Free divers attempt to dive as deep as possible underwater on a single breath of air. They have no breathing apparatus with them, so if they push themselves too far and can’t hold their breath any longer, then it can (and does) end very badly. Elite free divers achieve almost superhuman feats, though, with some holding a single breath for well over 10 minutes.
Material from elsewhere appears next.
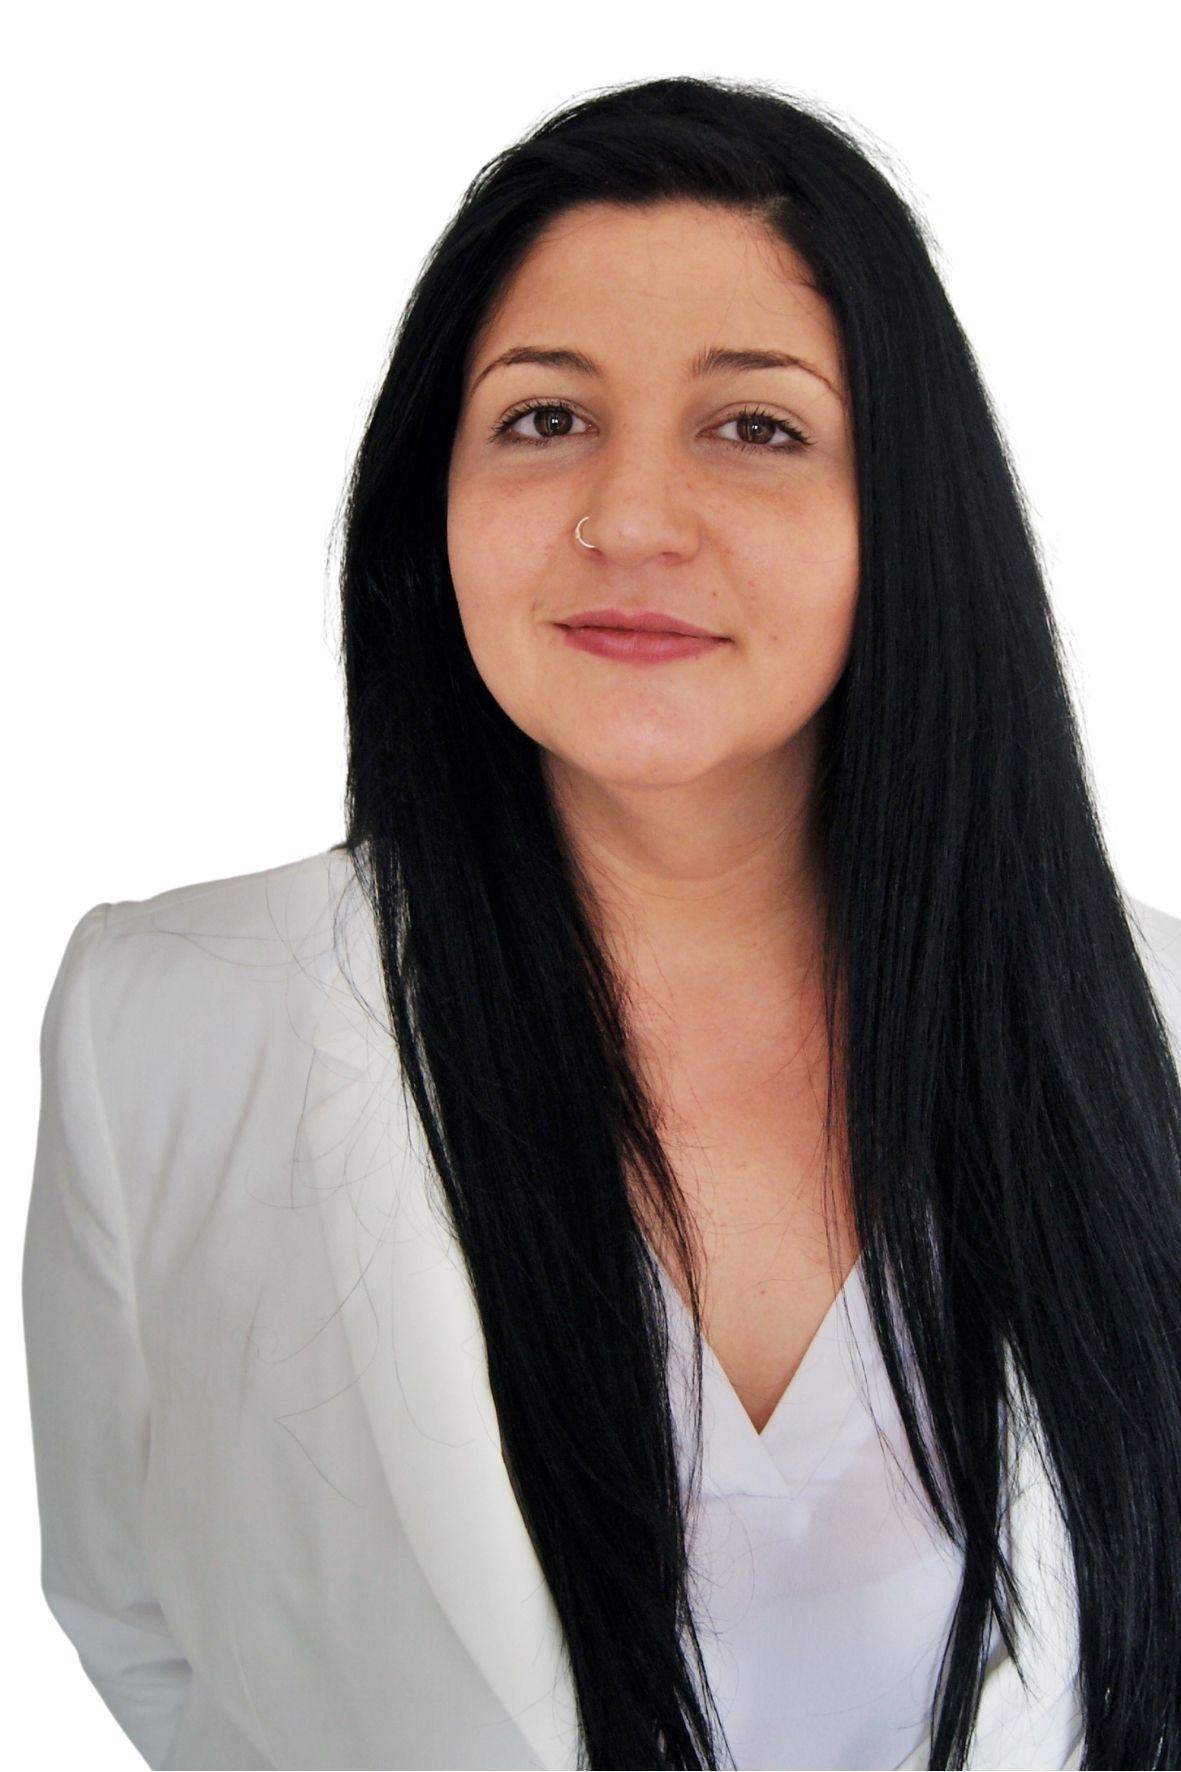 Estefania Palomino

Heli-skiing involves flying in a helicopter to the top of a mountain, jumping out, and then – you guessed it – skiing (or snowboarding) down to the bottom. If you’ve ever seen footage of this in action, you’ll understand how hair-raising it can be! The steepness of the slopes defies belief, a fact made worse by the constant risk of avalanches.
2. Ice Climbing
You’re hundreds of feet up a giant frozen waterfall, with nothing but the tips of your crampons, the end of an ice axe, and the rapidly dwindling strength in your forearms keeping you from falling. Sure, there’s a rope around your waist. But will the gear it’s attached to hold if you fall? There’s no way to know – until you’re forced to put it to the test. That, in a nutshell, is ice climbing. As you can imagine, it’s not for the fainthearted.
1. Wingsuit Flying
Donning a wingsuit and flinging yourself off a cliff or out of a plane is probably as close as you’ll get to flying. As the name suggests, you’re literally wearing a suit with wings, which extends your freefall and enables you to “fly” (sometimes for minutes at a time). When you get low enough, you then pull a cord on the parachute you’re wearing and – if all goes to plan – float gently down to the ground. Needless to say, it can be a risky business.